--- WHAT THE EXERCISE ASKS ---
Using the records below, repeat exactly the lines from the one holding "Ayer Termix Comb Prof Titanium 807" through the one holding "Leo-Messi-2015-Adidas-Mirosar10-Wallpaper-Download.jpg", both ends included, and no others.

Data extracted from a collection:
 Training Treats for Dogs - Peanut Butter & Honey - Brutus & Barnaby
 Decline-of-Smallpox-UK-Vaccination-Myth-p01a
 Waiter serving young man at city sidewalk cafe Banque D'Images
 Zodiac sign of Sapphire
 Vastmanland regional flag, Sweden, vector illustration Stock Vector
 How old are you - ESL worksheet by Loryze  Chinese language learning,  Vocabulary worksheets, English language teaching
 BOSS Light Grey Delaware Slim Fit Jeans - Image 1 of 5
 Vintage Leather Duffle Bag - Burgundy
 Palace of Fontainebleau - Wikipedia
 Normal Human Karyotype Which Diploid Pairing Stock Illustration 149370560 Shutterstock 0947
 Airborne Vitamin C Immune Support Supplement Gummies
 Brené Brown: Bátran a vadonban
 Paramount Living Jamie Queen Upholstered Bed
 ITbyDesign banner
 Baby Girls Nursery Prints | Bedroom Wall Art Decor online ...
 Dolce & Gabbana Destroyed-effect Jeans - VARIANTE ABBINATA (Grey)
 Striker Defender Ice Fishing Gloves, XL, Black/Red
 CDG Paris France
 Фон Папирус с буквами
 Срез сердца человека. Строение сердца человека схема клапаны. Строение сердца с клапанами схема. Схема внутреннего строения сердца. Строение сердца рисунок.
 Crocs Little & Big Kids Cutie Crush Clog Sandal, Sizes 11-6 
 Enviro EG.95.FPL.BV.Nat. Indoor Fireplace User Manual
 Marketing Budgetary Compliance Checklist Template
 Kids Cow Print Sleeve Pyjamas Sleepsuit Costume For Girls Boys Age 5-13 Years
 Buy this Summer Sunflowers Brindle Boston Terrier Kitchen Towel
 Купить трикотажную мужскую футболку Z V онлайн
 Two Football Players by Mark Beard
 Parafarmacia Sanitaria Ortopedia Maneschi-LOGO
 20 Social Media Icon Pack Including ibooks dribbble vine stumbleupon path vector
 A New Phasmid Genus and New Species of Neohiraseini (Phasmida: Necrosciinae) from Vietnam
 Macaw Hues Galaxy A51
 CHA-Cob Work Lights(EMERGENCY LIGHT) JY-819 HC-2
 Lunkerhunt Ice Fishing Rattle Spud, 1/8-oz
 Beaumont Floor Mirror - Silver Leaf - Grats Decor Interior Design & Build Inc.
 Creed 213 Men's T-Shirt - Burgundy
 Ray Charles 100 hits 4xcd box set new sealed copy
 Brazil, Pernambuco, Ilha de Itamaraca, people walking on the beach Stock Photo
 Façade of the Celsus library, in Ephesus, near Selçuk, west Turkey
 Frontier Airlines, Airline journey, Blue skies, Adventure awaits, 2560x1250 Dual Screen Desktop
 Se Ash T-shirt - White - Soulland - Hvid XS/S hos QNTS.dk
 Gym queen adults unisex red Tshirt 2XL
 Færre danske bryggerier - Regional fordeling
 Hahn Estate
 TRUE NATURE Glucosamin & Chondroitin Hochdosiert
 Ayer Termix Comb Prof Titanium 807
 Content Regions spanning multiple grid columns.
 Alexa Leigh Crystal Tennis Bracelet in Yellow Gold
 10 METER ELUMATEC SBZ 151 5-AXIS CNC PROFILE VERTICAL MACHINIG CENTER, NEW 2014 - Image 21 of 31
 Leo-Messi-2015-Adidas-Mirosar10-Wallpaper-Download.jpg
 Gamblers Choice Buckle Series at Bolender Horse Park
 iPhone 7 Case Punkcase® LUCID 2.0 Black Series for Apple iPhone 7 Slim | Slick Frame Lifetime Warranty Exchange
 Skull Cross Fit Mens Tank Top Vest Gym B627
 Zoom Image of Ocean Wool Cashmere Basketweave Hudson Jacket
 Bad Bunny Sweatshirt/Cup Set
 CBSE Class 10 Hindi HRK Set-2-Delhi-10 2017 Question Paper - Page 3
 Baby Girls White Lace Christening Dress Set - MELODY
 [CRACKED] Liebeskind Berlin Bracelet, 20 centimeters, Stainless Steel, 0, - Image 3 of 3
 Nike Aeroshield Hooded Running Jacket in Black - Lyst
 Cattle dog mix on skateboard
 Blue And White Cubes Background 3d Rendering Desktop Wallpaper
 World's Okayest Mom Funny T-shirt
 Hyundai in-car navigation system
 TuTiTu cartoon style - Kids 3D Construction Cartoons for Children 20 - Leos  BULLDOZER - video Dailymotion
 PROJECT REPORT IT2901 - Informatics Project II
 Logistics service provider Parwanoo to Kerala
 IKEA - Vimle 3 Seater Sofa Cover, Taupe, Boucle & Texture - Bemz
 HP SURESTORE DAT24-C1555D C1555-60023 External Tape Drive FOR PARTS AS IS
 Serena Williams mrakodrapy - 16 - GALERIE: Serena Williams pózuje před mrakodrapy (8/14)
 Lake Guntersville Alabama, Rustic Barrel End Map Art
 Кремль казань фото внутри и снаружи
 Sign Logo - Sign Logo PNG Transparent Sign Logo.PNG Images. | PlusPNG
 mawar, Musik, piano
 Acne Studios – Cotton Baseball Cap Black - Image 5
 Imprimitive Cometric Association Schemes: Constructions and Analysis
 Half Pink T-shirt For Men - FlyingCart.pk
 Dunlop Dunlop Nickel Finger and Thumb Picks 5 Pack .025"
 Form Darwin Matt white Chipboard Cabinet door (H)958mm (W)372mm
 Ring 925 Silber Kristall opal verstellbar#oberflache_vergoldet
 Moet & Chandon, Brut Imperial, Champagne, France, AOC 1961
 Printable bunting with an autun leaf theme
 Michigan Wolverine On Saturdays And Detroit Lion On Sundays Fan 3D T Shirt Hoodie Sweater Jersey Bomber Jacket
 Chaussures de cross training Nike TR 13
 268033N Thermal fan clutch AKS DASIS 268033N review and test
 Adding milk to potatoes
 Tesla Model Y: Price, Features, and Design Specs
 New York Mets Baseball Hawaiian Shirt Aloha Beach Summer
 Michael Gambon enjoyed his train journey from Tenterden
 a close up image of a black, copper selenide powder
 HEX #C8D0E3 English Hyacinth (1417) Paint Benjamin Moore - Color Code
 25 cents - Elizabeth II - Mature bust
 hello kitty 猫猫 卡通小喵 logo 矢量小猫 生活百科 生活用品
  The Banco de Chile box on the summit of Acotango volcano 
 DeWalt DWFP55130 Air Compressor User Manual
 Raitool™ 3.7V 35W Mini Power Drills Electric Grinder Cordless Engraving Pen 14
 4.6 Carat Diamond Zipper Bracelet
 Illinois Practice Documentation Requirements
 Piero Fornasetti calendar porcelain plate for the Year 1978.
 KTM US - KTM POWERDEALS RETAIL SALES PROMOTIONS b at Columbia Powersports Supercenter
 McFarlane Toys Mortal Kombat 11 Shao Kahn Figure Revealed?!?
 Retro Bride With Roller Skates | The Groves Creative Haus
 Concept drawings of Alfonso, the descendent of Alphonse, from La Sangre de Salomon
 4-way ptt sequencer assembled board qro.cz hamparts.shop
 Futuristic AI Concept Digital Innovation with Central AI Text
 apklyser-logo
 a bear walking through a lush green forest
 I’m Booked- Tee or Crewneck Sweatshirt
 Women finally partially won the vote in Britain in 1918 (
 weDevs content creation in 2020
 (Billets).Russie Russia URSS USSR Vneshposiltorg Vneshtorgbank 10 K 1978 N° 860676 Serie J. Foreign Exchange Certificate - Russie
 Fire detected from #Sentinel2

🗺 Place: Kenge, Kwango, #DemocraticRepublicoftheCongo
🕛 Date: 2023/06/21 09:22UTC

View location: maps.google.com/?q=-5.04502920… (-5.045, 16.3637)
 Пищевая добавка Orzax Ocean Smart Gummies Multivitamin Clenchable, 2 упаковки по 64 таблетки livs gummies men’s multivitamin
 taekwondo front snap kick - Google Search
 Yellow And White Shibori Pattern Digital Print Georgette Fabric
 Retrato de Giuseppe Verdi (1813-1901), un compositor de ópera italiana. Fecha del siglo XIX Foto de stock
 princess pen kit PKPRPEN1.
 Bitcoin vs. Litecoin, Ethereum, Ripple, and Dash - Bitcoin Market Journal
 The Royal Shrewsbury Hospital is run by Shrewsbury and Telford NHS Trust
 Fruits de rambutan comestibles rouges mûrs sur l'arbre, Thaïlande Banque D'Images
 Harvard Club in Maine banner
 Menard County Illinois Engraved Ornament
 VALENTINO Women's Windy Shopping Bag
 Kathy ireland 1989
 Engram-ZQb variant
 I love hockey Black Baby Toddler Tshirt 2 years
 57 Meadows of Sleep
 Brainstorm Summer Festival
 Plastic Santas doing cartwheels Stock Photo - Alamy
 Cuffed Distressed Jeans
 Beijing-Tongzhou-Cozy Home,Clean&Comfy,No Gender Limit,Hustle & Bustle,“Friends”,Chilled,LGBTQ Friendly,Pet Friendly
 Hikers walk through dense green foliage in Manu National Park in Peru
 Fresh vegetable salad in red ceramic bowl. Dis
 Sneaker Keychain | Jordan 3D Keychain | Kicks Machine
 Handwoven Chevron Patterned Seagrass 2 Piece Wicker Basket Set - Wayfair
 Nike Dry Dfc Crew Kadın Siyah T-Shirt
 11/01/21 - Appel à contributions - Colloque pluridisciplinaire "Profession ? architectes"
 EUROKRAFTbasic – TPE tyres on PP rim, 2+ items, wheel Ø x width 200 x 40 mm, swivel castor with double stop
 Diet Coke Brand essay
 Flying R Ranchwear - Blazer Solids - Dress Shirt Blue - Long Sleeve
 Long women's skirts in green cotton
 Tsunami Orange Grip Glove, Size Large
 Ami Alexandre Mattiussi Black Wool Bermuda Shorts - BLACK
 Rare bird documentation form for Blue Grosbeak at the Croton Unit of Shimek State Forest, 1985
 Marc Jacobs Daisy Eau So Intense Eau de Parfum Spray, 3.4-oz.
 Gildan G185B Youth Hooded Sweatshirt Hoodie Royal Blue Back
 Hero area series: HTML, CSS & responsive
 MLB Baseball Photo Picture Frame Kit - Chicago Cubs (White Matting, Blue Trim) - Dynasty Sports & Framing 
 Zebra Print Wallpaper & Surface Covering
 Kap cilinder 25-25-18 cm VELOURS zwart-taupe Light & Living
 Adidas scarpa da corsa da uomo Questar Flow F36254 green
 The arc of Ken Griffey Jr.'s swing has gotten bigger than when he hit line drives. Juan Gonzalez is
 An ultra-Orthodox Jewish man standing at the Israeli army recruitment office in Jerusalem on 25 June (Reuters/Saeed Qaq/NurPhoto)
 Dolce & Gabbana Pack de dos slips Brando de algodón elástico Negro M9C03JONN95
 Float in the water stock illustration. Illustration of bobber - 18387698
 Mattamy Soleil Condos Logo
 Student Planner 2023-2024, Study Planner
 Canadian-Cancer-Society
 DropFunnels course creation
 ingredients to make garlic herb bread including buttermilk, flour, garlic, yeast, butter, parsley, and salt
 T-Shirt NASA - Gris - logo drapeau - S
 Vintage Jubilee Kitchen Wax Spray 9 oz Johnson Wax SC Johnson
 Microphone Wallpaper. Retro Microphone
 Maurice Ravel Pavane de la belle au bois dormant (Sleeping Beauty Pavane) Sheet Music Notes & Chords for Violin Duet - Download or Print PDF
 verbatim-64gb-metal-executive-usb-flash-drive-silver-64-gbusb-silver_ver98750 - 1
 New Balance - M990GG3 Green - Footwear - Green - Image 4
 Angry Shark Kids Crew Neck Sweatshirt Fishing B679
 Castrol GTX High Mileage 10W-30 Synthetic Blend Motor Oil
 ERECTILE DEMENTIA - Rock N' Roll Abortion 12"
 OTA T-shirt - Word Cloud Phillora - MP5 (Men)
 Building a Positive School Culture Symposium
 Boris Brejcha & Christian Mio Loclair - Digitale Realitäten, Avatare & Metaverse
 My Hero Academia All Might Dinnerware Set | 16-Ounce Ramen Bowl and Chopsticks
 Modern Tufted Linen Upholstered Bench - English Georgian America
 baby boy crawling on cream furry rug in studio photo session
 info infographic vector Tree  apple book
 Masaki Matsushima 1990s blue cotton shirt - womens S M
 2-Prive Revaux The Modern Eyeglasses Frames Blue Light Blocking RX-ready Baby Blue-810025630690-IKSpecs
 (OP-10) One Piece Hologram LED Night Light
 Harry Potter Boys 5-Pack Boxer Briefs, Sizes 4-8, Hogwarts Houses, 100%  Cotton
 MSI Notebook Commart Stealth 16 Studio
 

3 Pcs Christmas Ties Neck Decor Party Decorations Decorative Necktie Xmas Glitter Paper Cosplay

--- EXPECTED OUTPUT ---
 Ayer Termix Comb Prof Titanium 807
 Content Regions spanning multiple grid columns.
 Alexa Leigh Crystal Tennis Bracelet in Yellow Gold
 10 METER ELUMATEC SBZ 151 5-AXIS CNC PROFILE VERTICAL MACHINIG CENTER, NEW 2014 - Image 21 of 31
 Leo-Messi-2015-Adidas-Mirosar10-Wallpaper-Download.jpg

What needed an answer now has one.